PLace

Barqusya

Place
Barqusya — بَرْقُوسْيا
District
Jerusalem
Subdistrict
Hebron
Average Elevation
175 m
Distance from Hebron
31 km
Population
Year Arab Total
1931 258 258
1944/45 330 330
Land Ownership (1944/45) in dunums
Year Arab Public Total
1944/45 3214 2 3216
Land Use (1944/45) in dunums
Use Arab Public Total
Non-Cultivable & Built-up (Total)
Use Arab Public Total
Non-Cultivable 695 2 697
Built-up 31 31
726 2 728 (23%)
Cultivable (Total)
Use Arab Total
Cereal 2460 2460
Plantation and Irrigable 28 28
2488 2488 (77%)
Number of Houses (1931)
53

The village stood on a hill that sloped toward the northwest in the western foothills of the Hebron Mountains. A dirt path that turned into a secondary road at the village of Summayl, to the southwest, linked the village to the highway between the city of al-Majdal (on the coast) and Hebron. In the late nineteenth century, Barqusya, a moderate-sized village, had a roughly pentagonal outline, its houses built of stone and mud.

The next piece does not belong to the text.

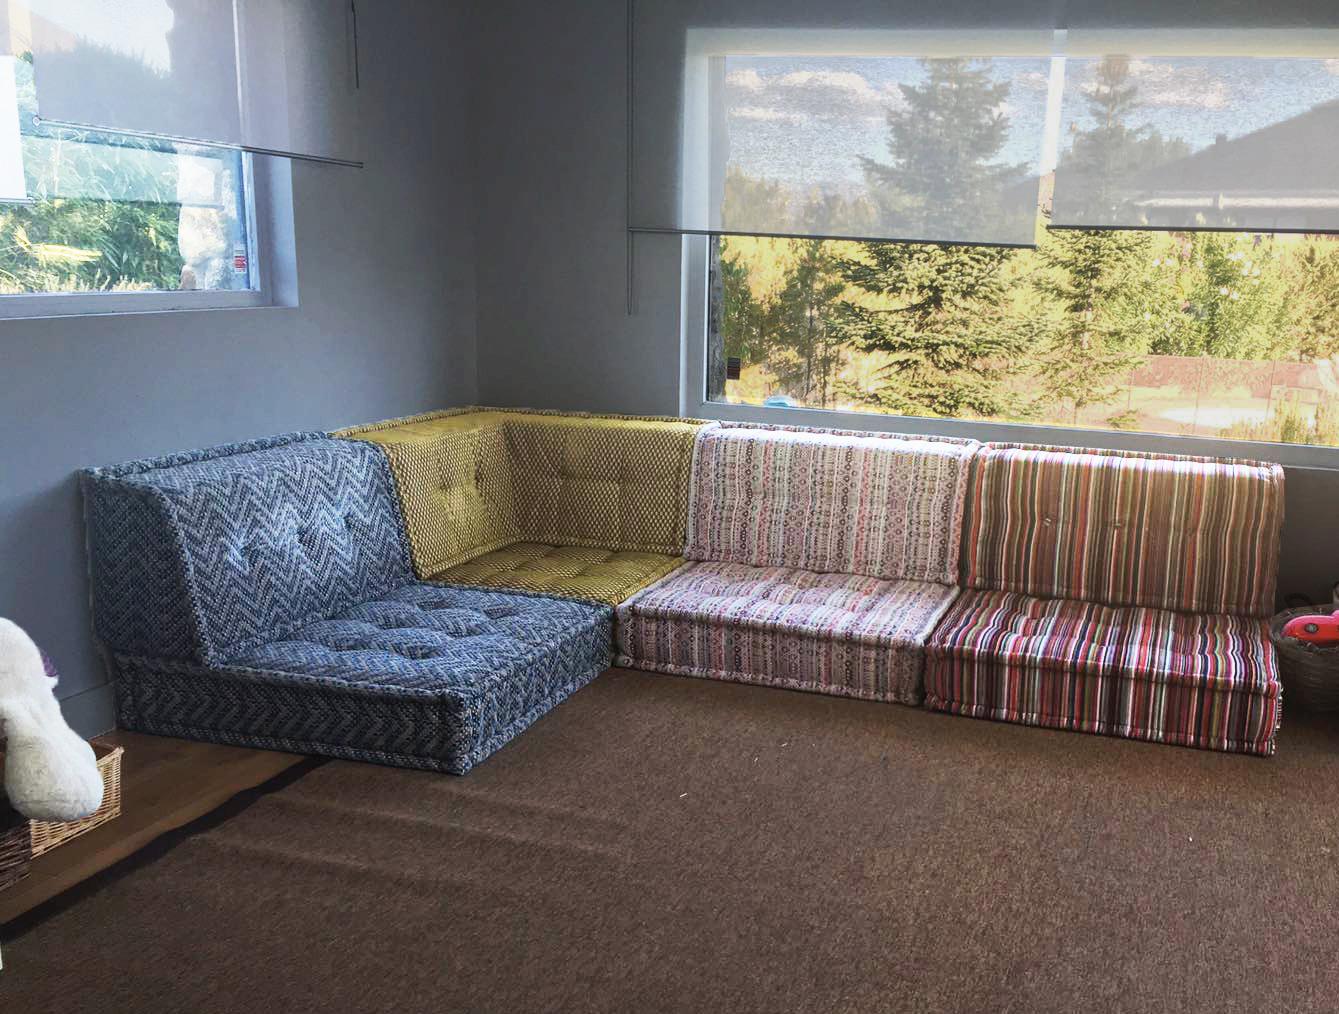 Sofas A Medida Madrid E6d5 sofà Craft A Medida Galapagar Madrid Look Cushion sofas to

During the first decades of this century construction grew at a slow pace, most of the expansion taking place northward along the road to the village of Bi'lin, to the northwest. But during the final years of the Mandate, one of the village's two hama'il (clans, sing. hamula) moved about 1 km to the south, and the outline of the village was also stretched southward. The village had a handful of small shops and a small mosque. The children attended school in the village of Tall aI-Safi, to the northwest. To the west of the village was a well that had supplied the village with drinking water since the late nineteenth century. Agriculture, which represented the mainstay of the economy, was rainfed. The residents cultivated chiefly grain but also tended fruit trees. In 1944/45 a total of 2,460 dunums was allocated to cereals 28 dunums were irrigated or used for orchards. In addition to crop cultivation, the villagers raised sheep and goats.

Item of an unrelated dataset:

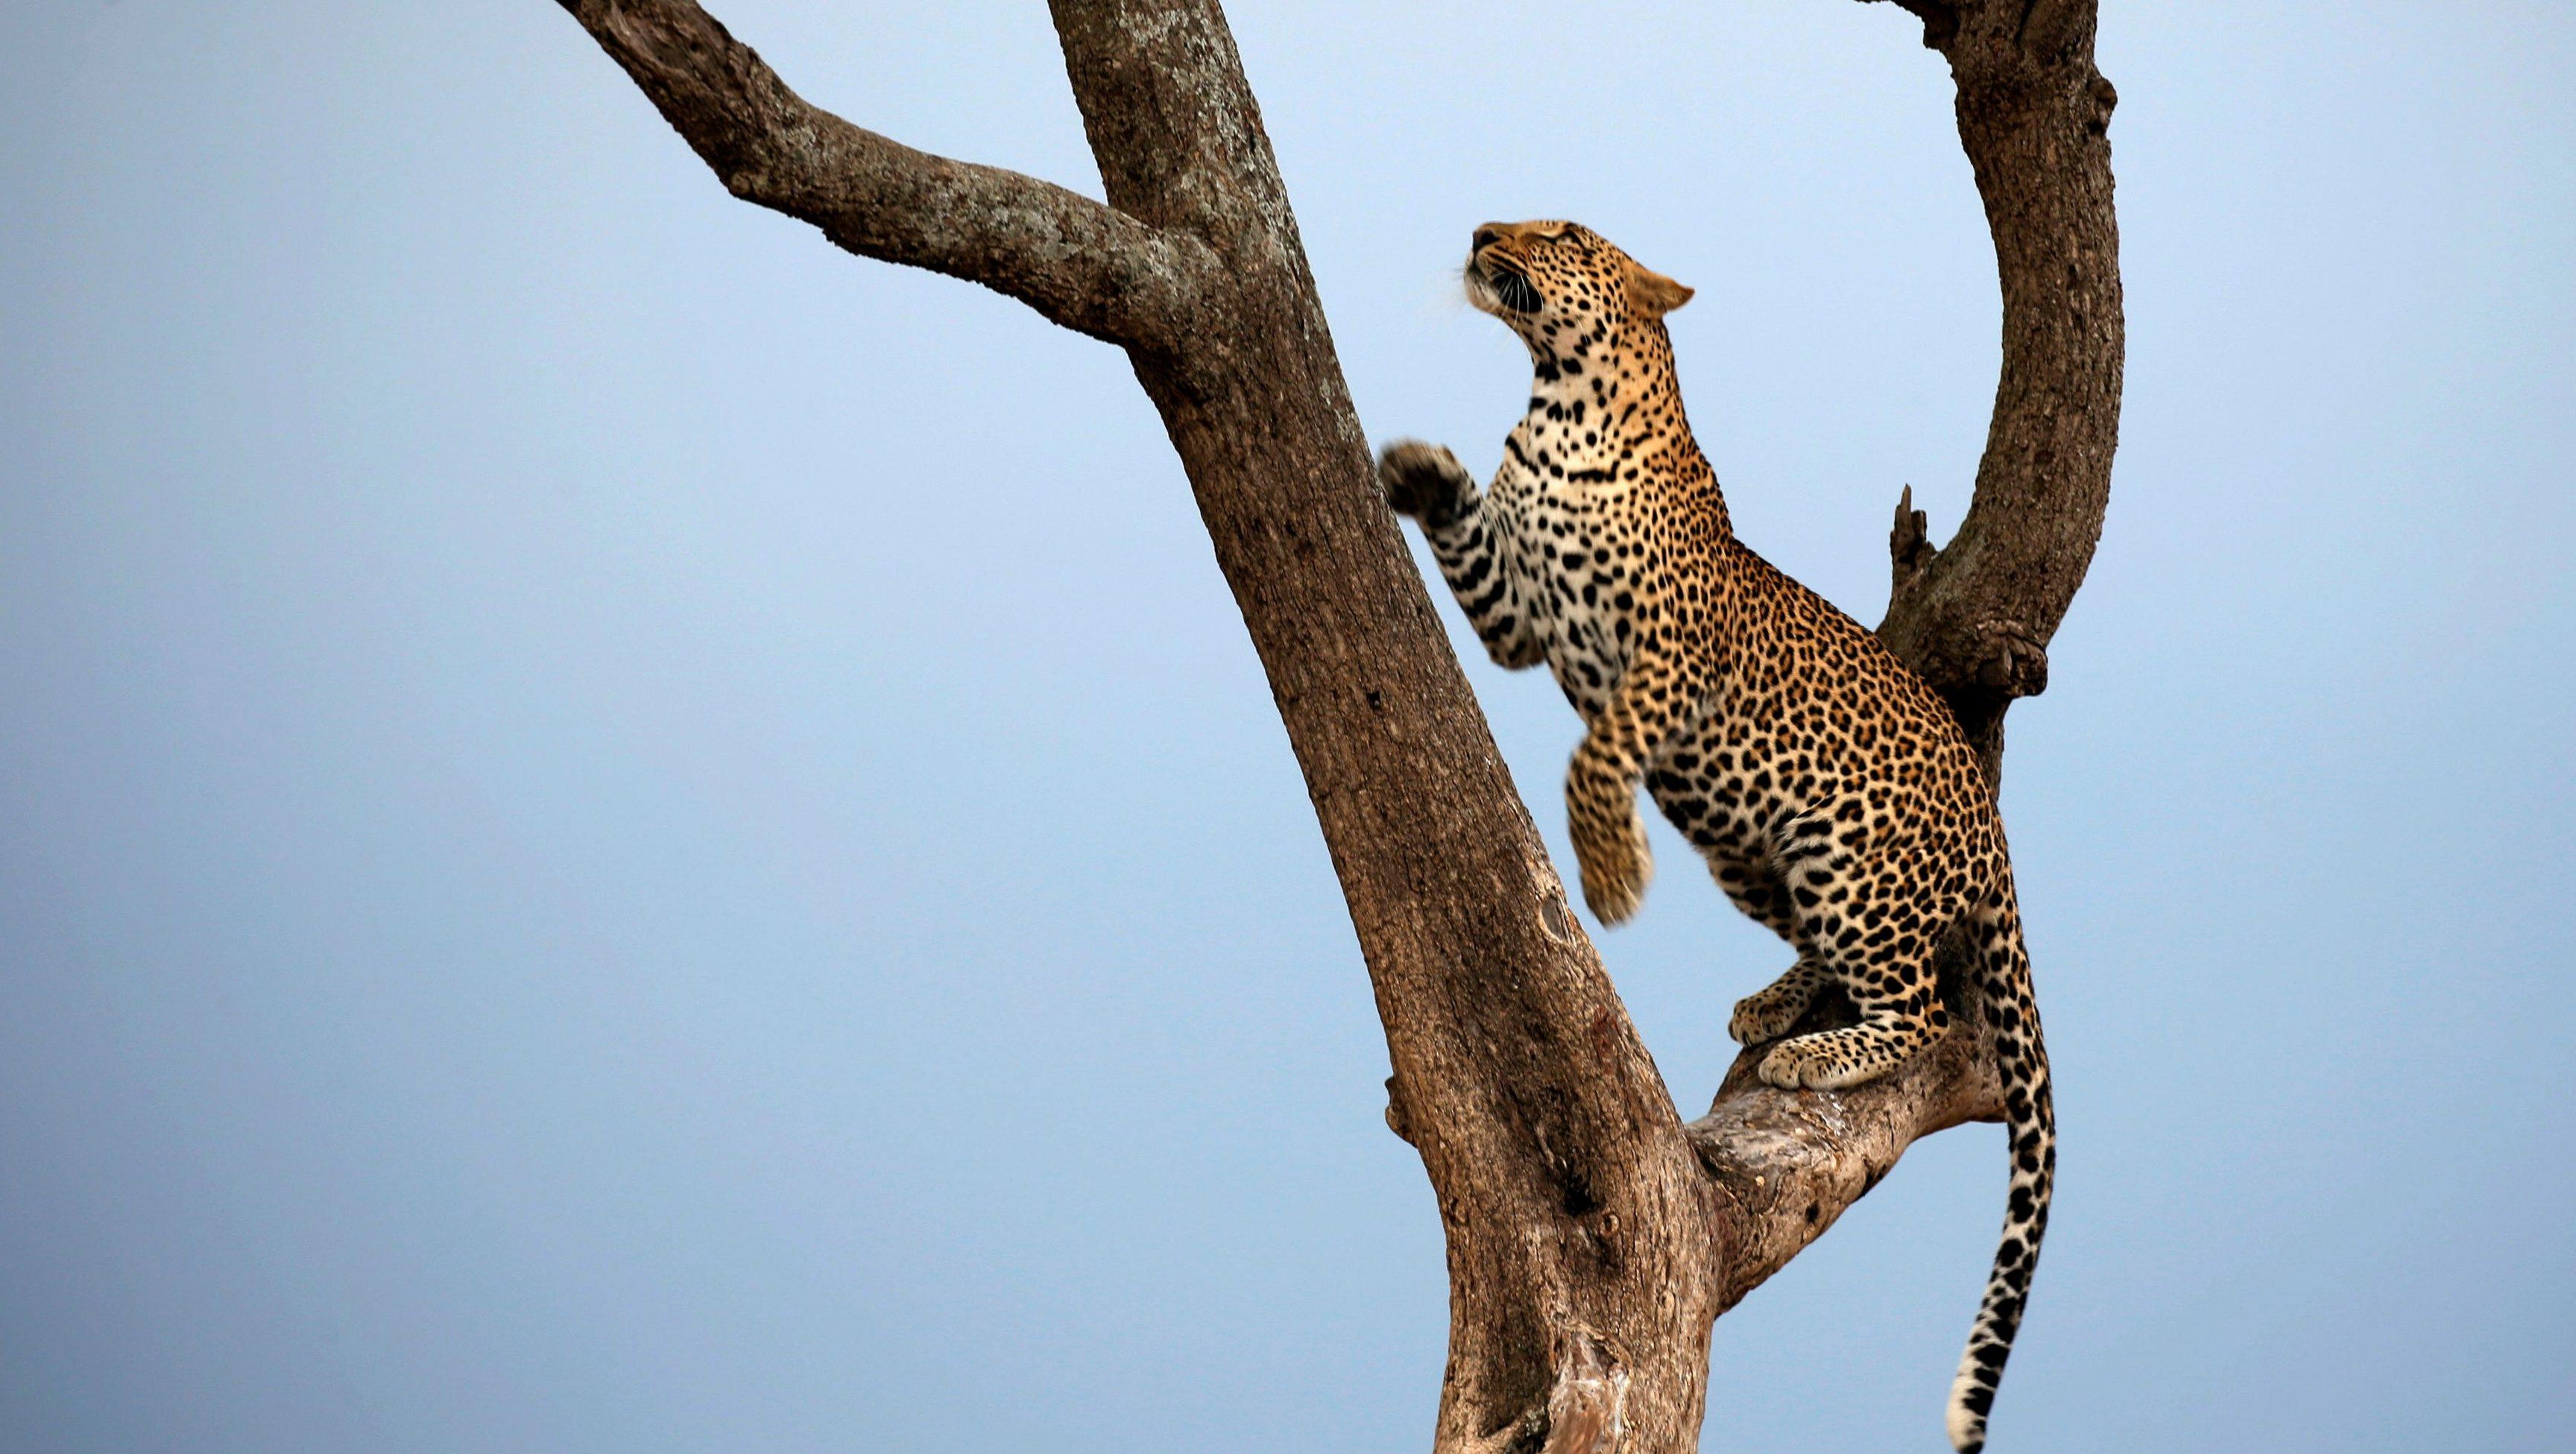 A leopard climbs a tree in Maasai Mara National Reserve, Kenya September 17, 2016.

Barqusya was captured during the attacks carried out in the course of Operation An-Far. This probably occurred on 9-10 July 1948, during the period that separated the two truces.

By the following month, the Jewish National Fund (JNF) had already planned a settlement for the site. On 20 August 1948, a JNF plan was submitted to the Israeli authorities showing two settlements on the land of Barqusya and nearby Summayl. The two villages were to be replaced by settlements named Segula and Nachala, according to Israeli historian Benny Morris.

There are no settlements on village lands. The settlements of Segula  and Nachala are close by, to the southwest they are on the lands of Summayl, across the boundary between the Hebron and Gaza sub-disctricts.

No houses remain. Some graves can be seen amidst foxtail and khubbayza (mallow) plants. One of the graves has an inscribed tombstone resting on the superstructure. There are also the remnants of a well. Cactuses and a variety of trees, including palms, grow on the site. The site serves as grazing grounds for the sheep of Israeli farmers who also grow grapes and other fruits.